# law regarding dog on cat attacks



## Tarron

This is purely hypothetical for my info, though its something I have seen people go through.

Who is at fault if:

A cat stray into a dogs garden and gets attacked?
What if the dog is in a pen, within the garden?
A dog, on lead, manages to attack a cat?
A burglar enters the house and is attacked by a dog, running free in the house?
What if the dog is confined to a single room, behind a dog gate, so they can be seen, and said burglar enters the room?

I know that's a fair few questions, and they may have been asked/answered before, but after searching 20 pages, I couldn't see anything.
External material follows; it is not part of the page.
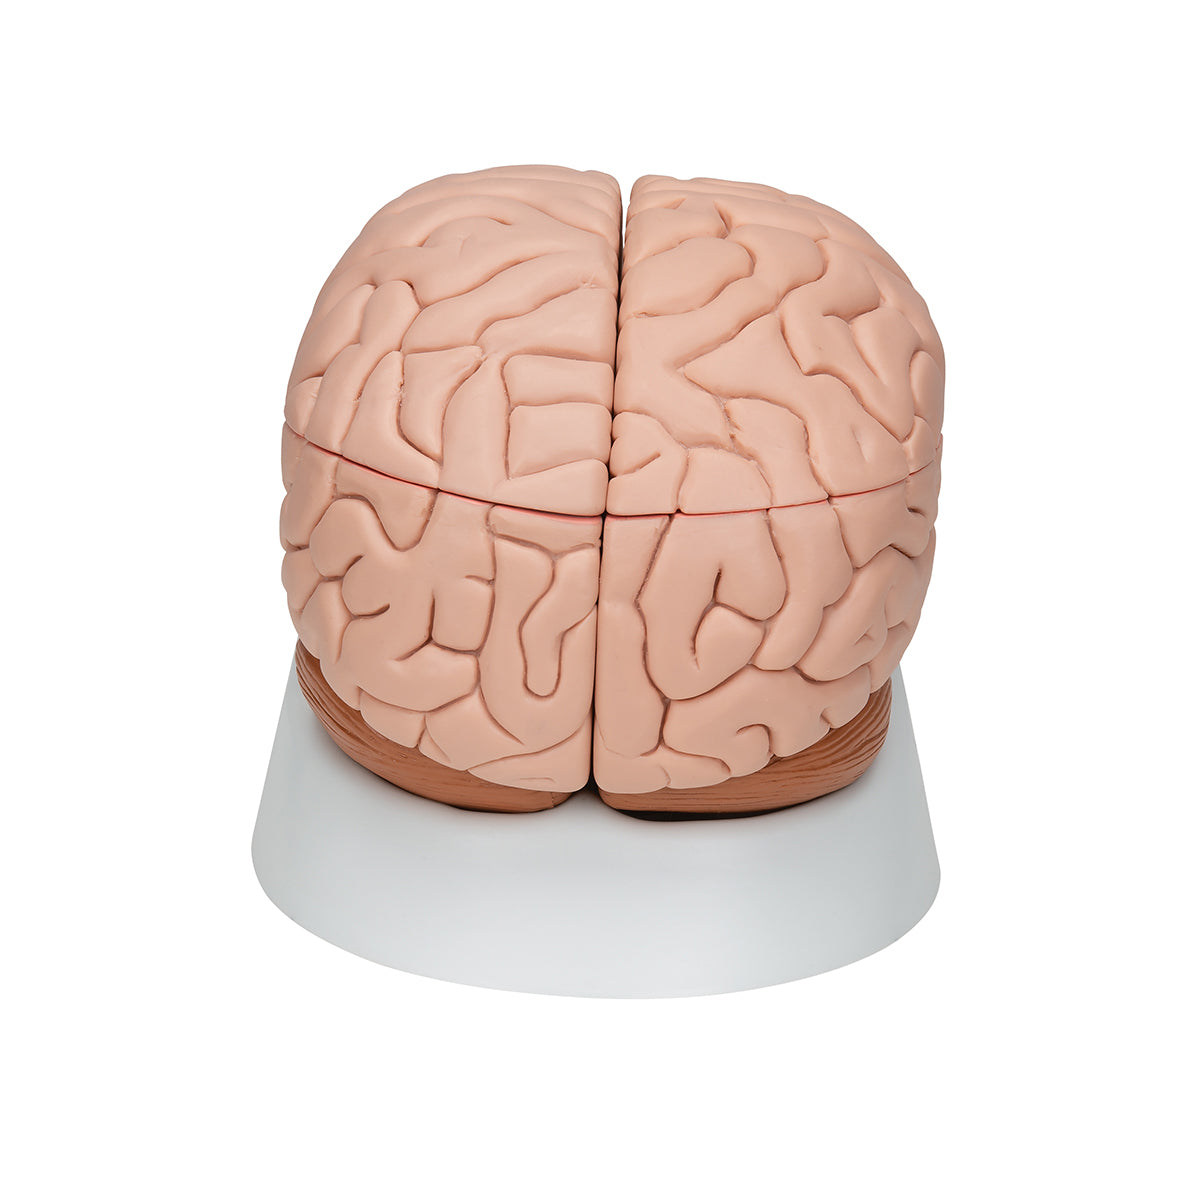 Hjernemodel med et mindre naturtro udseende. Kan adskilles i 8 dele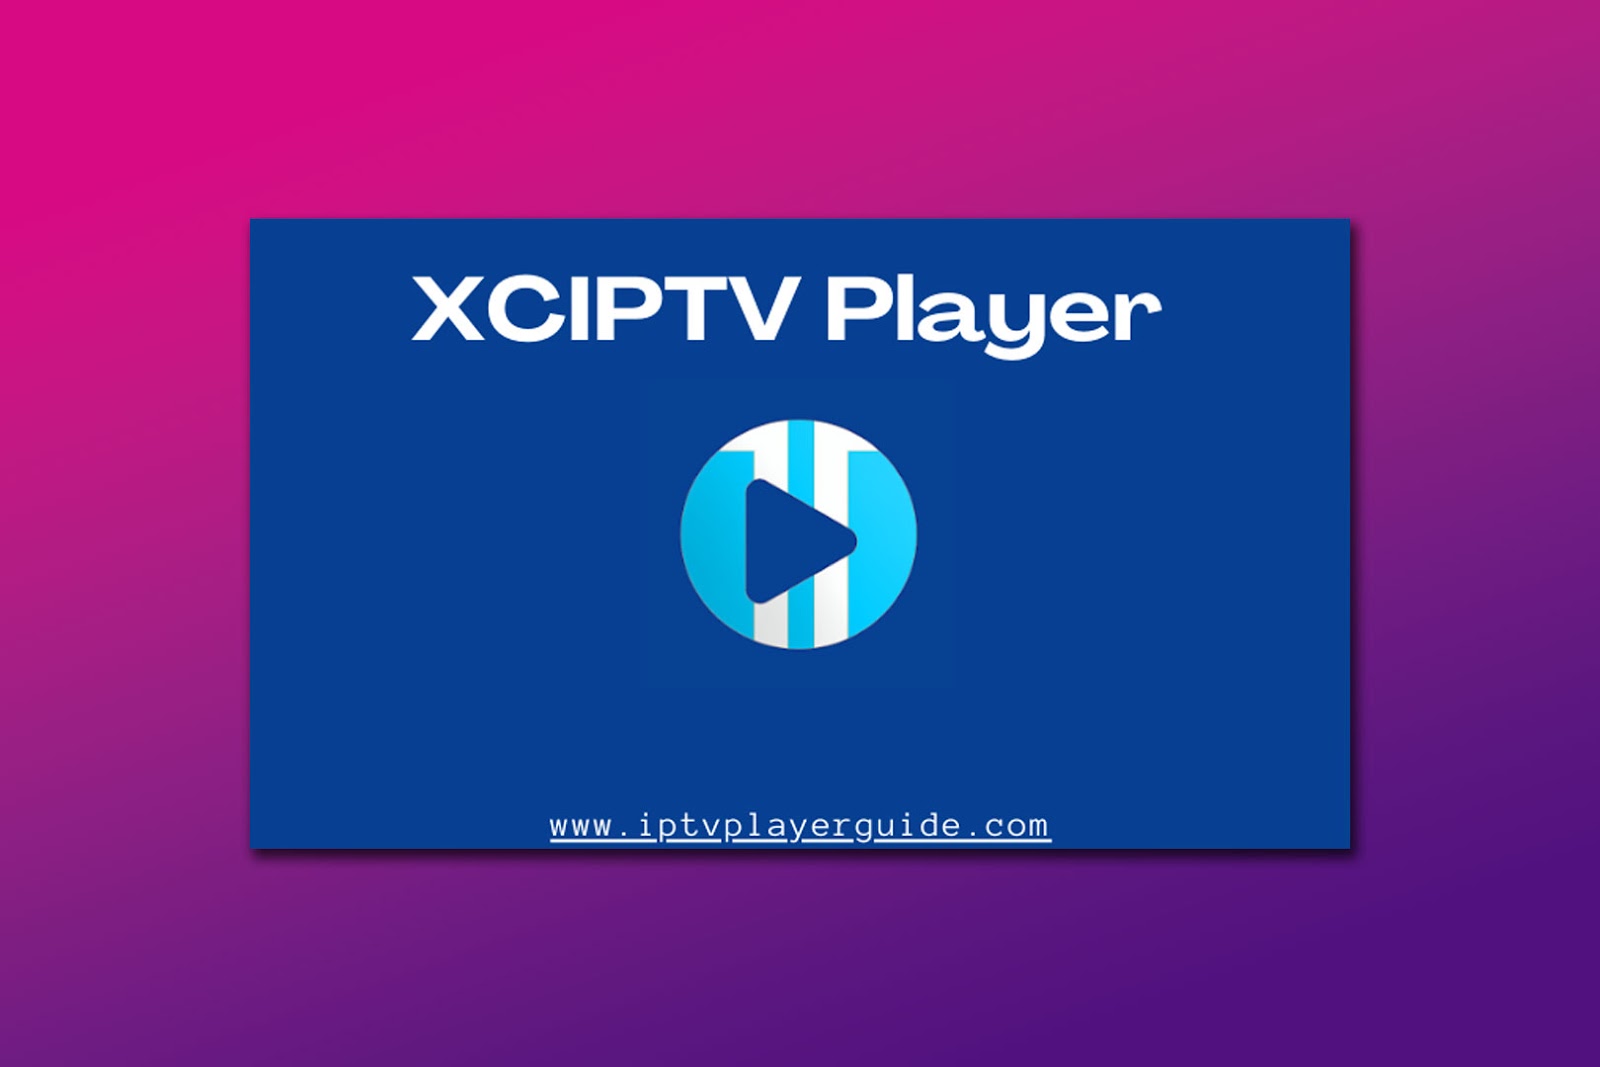 XCIPTV Player Best App For Apple TV

As I say, all hypothetical, please don't flame.

Tarron


----------



## marthaMoo

> 1)A cat stray into a dogs garden and gets attacked?
> 2)What if the dog is in a pen, within the garden?
> 3)A dog, on lead, manages to attack a cat?
> 4)A burglar enters the house and is attacked by a dog, running free in the house?
> 5)What if the dog is confined to a single room, behind a dog gate, so they can be seen, and said burglar enters the room?


Off the top of my head...

I think 1 and 2 are down to you and the owner of the cat. I do know of a dog that was removed due to killing a cat in its own garden. But then I know of other people whos cat has been killed, or whos dog has killed a cat and nothing but vets costs have been paid.
Your dog could be classed as out of control in a public place for 3.


As for someone entering your house and your dog attaking it, even if the person see's it and continues to go into that room. I think it would now be your fault and you would be held responsible.

But I maybe talking poo...lol

There maybe something on here Doglaw


----------



## giant snail

Tarron said:


> This is purely hypothetical for my info, though its something I have seen people go through.
> 
> Who is at fault if:
> 
> A cat stray into a dogs garden and gets attacked?
> What if the dog is in a pen, within the garden?
> A dog, on lead, manages to attack a cat?
> A burglar enters the house and is attacked by a dog, running free in the house?
> What if the dog is confined to a single room, behind a dog gate, so they can be seen, and said burglar enters the room?
> 
> I know that's a fair few questions, and they may have been asked/answered before, but after searching 20 pages, I couldn't see anything.
> 
> As I say, all hypothetical, please don't flame.
> 
> Tarron



from experience

if a cat goes into YOUR garden or on YOUR wall/ fence there is nothing they can do if the cat gets killed. as its on your propity.

if your dog went in there garden and got attacked by thier cat then that would be yuor fault for the animal being there :whistling2:


on a lead. your liable as you had control of the dog at the time. (should have a muzzle on in my opinion if not cat/ animal/ people friendly.)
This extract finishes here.